The Nutcracker has been done on a single CD before. With 84:35 Järvi isn't even the fastest in the world, but as we all know it's not merely about tempo choices, rather about what you do with them and how you balance them in the light of the score's intent. With such brisk speeds the Overture and the opening numbers of the ballet can still pass on disc, even if the first grins might appear and some listeners will be thinking that this Christmas party isn't one they would send their kids to. Still, the Bergen Philharmonic miraculously continues to ensure magnificent color and detail. Where Järvi lets us down, however, is in the bigger numbers, when the music suddenly becomes "serious", starting with Act I, Scene 6 (track 7 of the CD – usually called the Departure of the guests), the ensuing Battle with the mice (track 8) and the grand transformation of the room into the winter pine forest (or the when nutcracker doll turns into a dashing prince – track 9). Here his hasty conducting smothers every sense of feeling (forget poetry and magic), and unsentimental turns into uncaring. At this point Järvi also throws in this disc's oddity by adding a rather hilarious bim bam clock chiming ten at the beginning of the Departure of the guests, only to be followed three minutes later by the clock striking midnight. This may work on stage, but Tchaikovsky did leave that ten o'clock out of the score for a good reason. The scene of the growing Christmas tree is a speed contest, the battle is running after its own tail and the crucial transformation misses theatrical impact. It suffices to relisten to Evgeny Mravinsky and the old Leningrad Philharmonic to understand what can be found behind the notes – and he wasn't exactly a sentimental slob either.
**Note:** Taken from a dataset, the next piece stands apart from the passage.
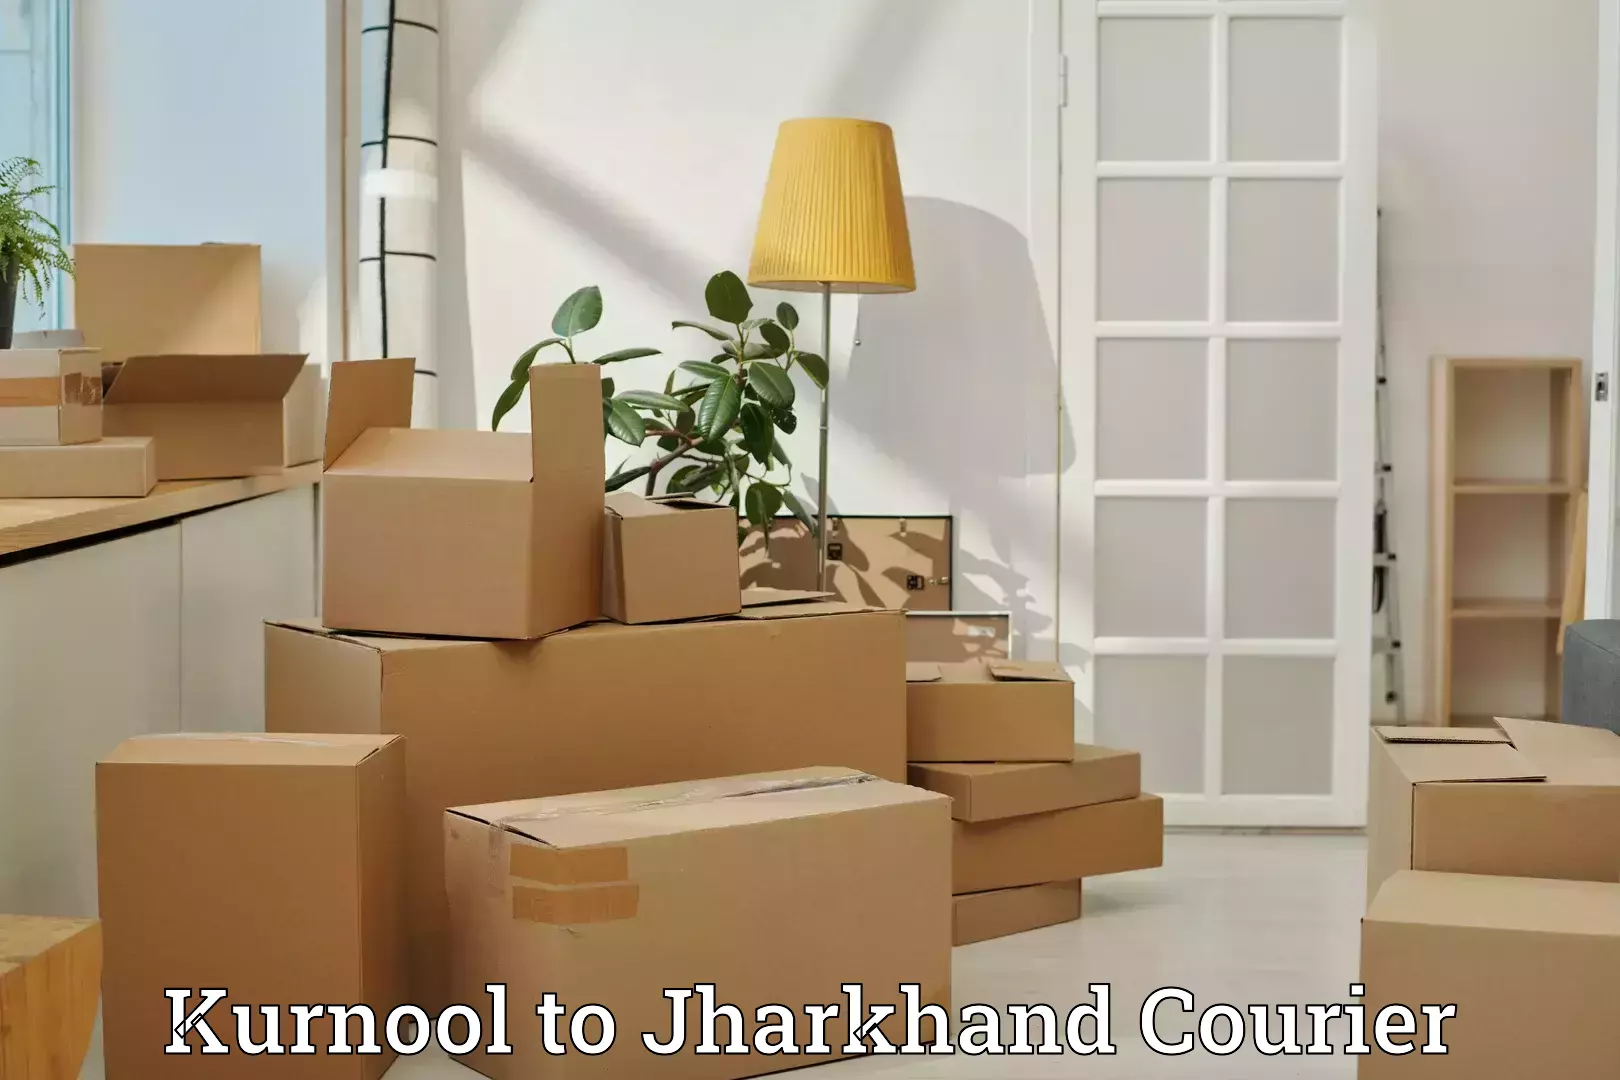 Luggage shipment specialists Kurnool to Jamshedpur

Järvi's own transformation seems to take place with Act II, at least for a moment. In the opening scenes he finds warmth, orchestral splendor and an agreeable flow. The Divertissement is mostly well handled, too, again with remarkable playing, particularly from woodwinds and harp. Yet the Waltz of the Flowers is disappointing by its lack of dynamic contrast, its brisk tempo and quickly tiresome rubato. The Andante maestoso is coolly dispatched and only of passing interest compared to those who hadn't forgotten its connection with the theatre.
An admirably responsive and often brilliant Bergen Philharmonic, superb SACD sonics and instructive liner notes from David Nice can't conceal this Nutcracker is a pretty uneven affair, as is the whole Tchaikovsky ballet series from Bergen and Järvi. And still some continue to pretend that ballet music is easy to play.